In her best-selling book, A Place of Yes: 10 Rules for Getting Everything You Want Out of Life, entrepreneur Bethenny Frankel credits her accomplishments as the reason she learned to be open to new challenges and to all possibilities. Instead of shutting out potential by defaulting to no, she says she comes from a place of yes.14 Positive people can come from a place of yes more often because they trust. They trust that whatever door closes, saying yes to opportunities, especially the super scary ones, keeps new doors opening. A positive cycle follows: Positivity allows you to find the yes, and finding the yes makes you feel more positive. You learn so much more about yourself when you come from a place of yes, and you come extremely close to your own flaws and limitations.
When you come from a place of yes, you give other people courage. Your staff, colleagues, network, your clients, customers, vendors, the postman—they all feel competent and capable, and that makes them want to be around you, and that is a terrific opportunity to influence and lead. Conversely, when you can’t find the yes, you just make other people miserable. Even if you can’t solve a problem, don’t make it such a negative event. It’s all in the presentation. I recently checked into a hotel at which I am a rewards member. To say I was greeted by the reservation clerk is a far stretch. Let’s just say she looked pissed off at my existence and her own.
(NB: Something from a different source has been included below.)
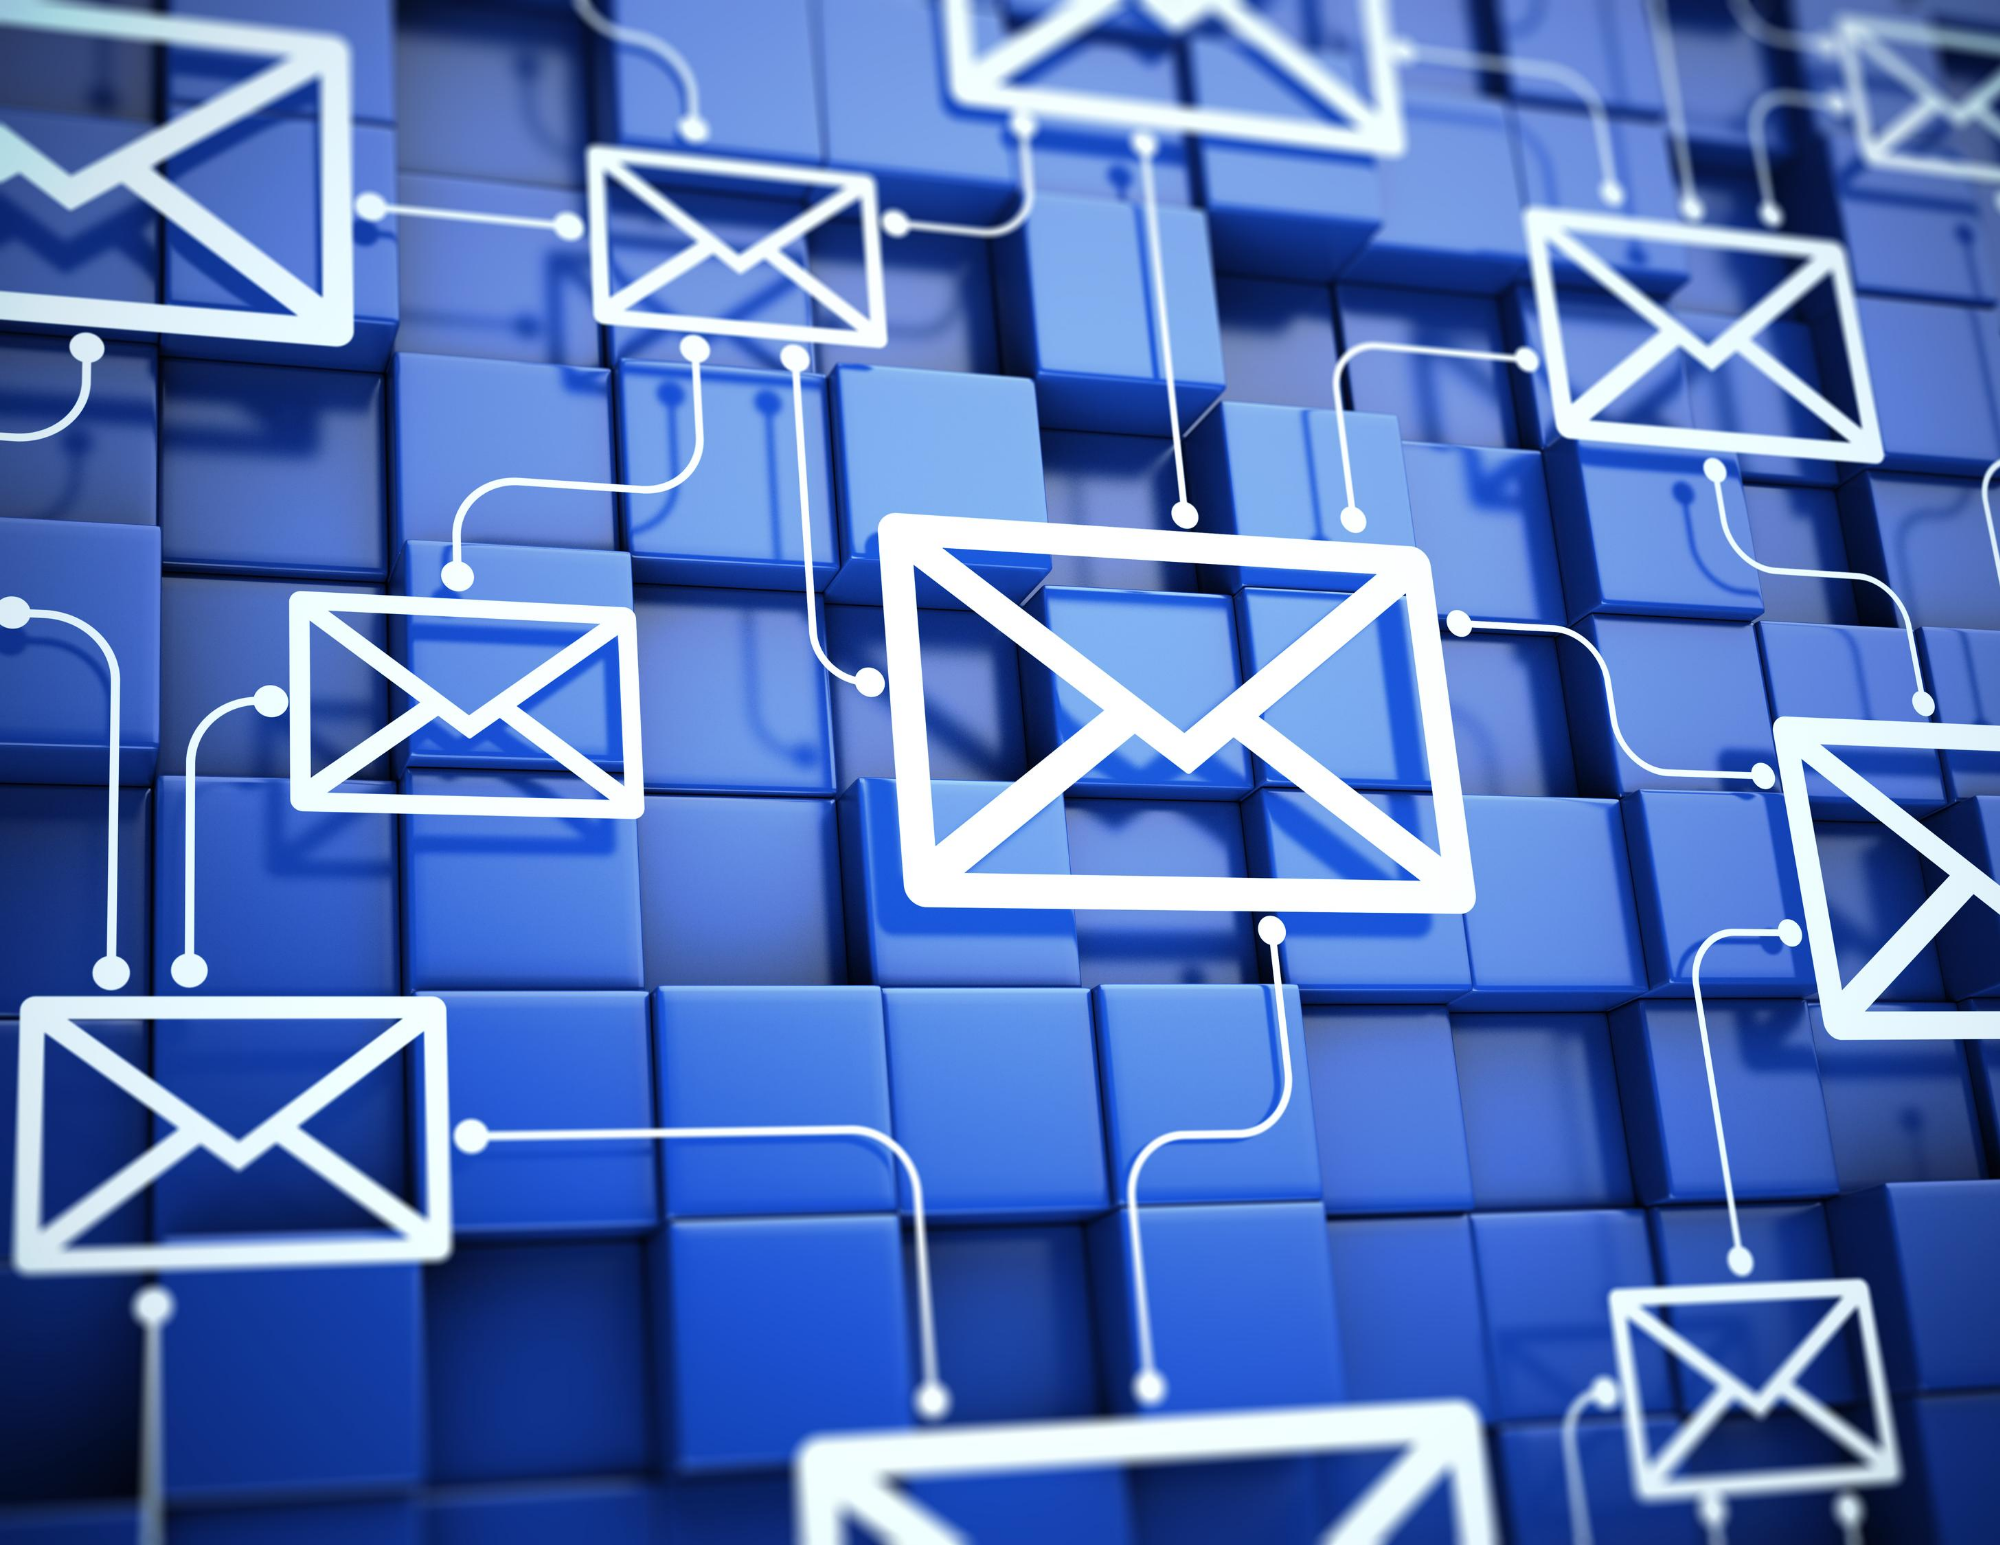 icons of envelopes on blue background, representing direct mail marketing

I asked for an upgrade and she flat-out told me no. I can’t help but associate this person’s attitude with the attitude of the corporation that em- ploys her. All I remember is being denied a request and that I wasn’t helped or assisted at all. When you travel for a living, I can’t afford to be infected by negativity in the very place I am going to rest and have respite. And when your job is to make me comfortable, making me uncomfortable with your no is unforgivable.
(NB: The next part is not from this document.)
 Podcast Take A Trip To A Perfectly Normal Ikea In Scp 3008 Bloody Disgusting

Now, if she would’ve smiled, explained to me that I had unluckily checked in the same week as a large wedding party, made a joke and shared a laugh with me, or even gave me a breakfast voucher, I would’ve been happy to hear no. My ad- vice in business and something that I practice a lot is to find the yes, even when you are saying no. I never like to react if someone says something a little harsh to me or makes a request I think I cannot accommodate. What I have learned is you do not have to answer everyone in the moment. You can always say, “Let me get back to you on that.” It keeps things positive and holds off any reactivity that can deter your relationship.